Berkshire also said first-quarter operating profit was little changed at $7.04 billion, as many of its dozens of businesses withstood supply chain disruptions caused by COVID-19 variants, the Ukraine invasion and rising costs from inflation. read more

Buffett, 91, said it “really feels good” to address shareholders in person, after holding the last two meetings without them. Attendees included JPMorgan Chase & Co (JPM.N) Chief Executive Jamie Dimon and the actor Bill Murray.

Buffett had in his annual shareholder letter in February bemoaned the lack of investment opportunities.

That prompted a shareholder to ask what changed in March, when Berkshire bought 14.6% of Occidental Petroleum Corp (OXY.N) and agreed to buy insurer Alleghany Corp (Y.N) for $11.6 billion.

Buffett said it was simple: he turned to Occidental after reading an analyst report, and to Alleghany after its chief executive, who once led Berkshire’s General Re business, wrote to him.

“Markets do crazy things, and occasionally Berkshire gets a chance to do something,” he said. “It’s not because we’re smart…. I think we’re sane.”

Berkshire spent $51 billion on equities in the quarter, and its cash stake sank more than $40 billion to $106 billion.

But the conglomerate has many cash-generating resources, including its insurance operations, and Buffett assured that reserves won’t run dry.

“We will always have a lot of cash,” he said. “It’s like oxygen, it’s there all the time but if it disappears for a few minutes, it’s all over.”

Buffett and Jain stumbled for answers when asked about whether the Ukraine conflict could degenerate into nuclear war.

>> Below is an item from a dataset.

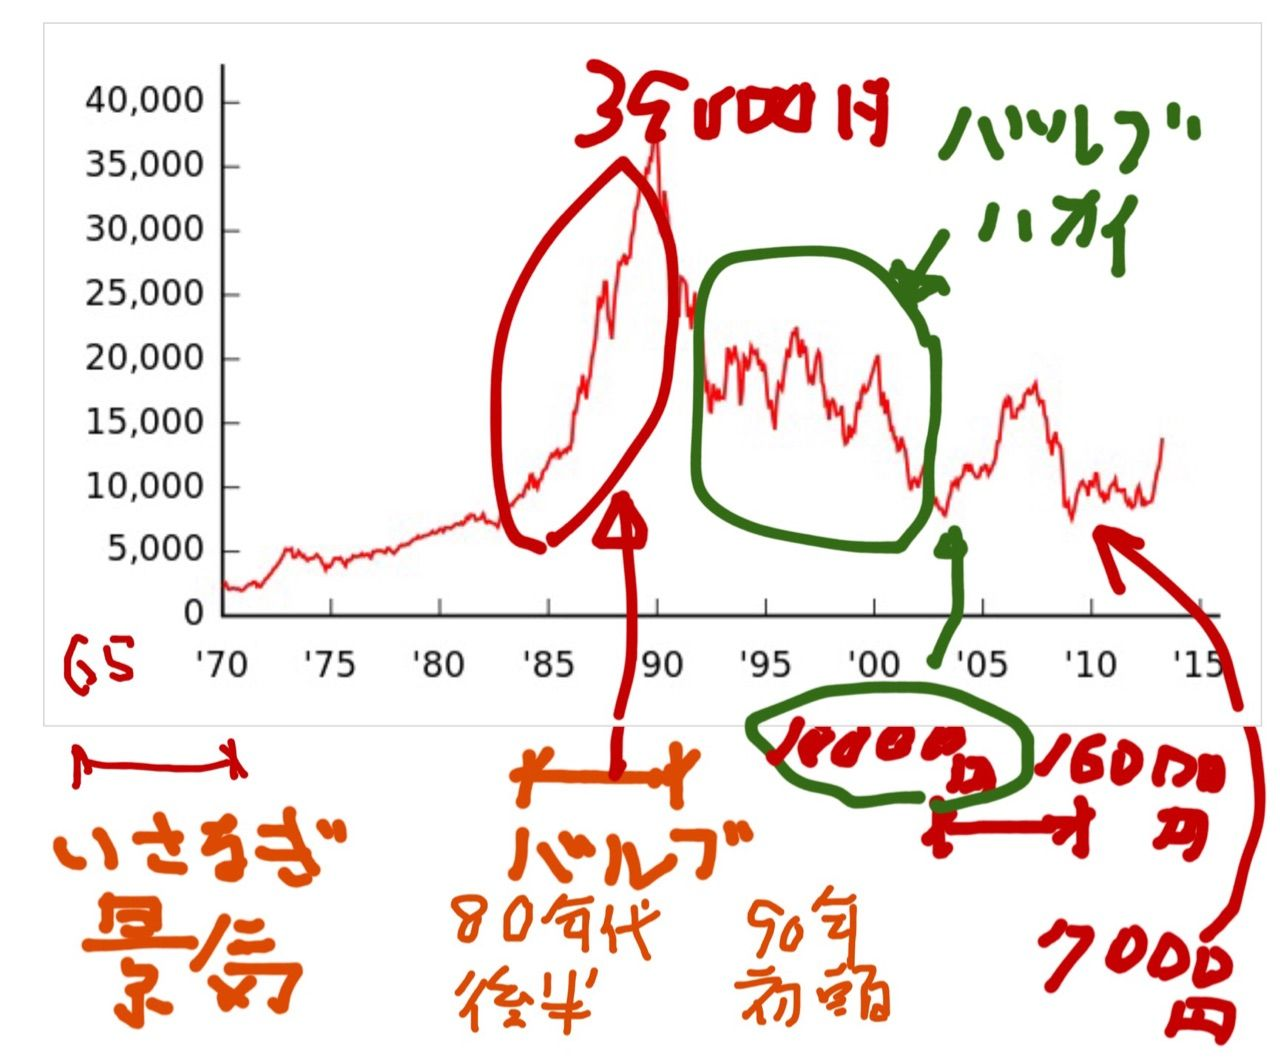 日経平均株価とは 株価指数、いざなぎ景気とは、バブル経済とは : 国際 ...

Jain, who has drawn Buffett’s praise for decades, said he had a “lack of ability” to estimate Berkshire’s insurance exposure.

Buffett added that there was a “very, very, very low” risk of a nuclear attack, though the world had “come close” during the 1962 Cuban Missile Crisis.

“The world is flipping a coin every day,” Buffett said. “Berkshire does not have an answer.”

Buffett also picked on a favored target in saying stock markets sometimes resembled a casino or gambling partner.

“That existed to an extraordinary degree in the last couple of years, encouraged by Wall Street,” he said.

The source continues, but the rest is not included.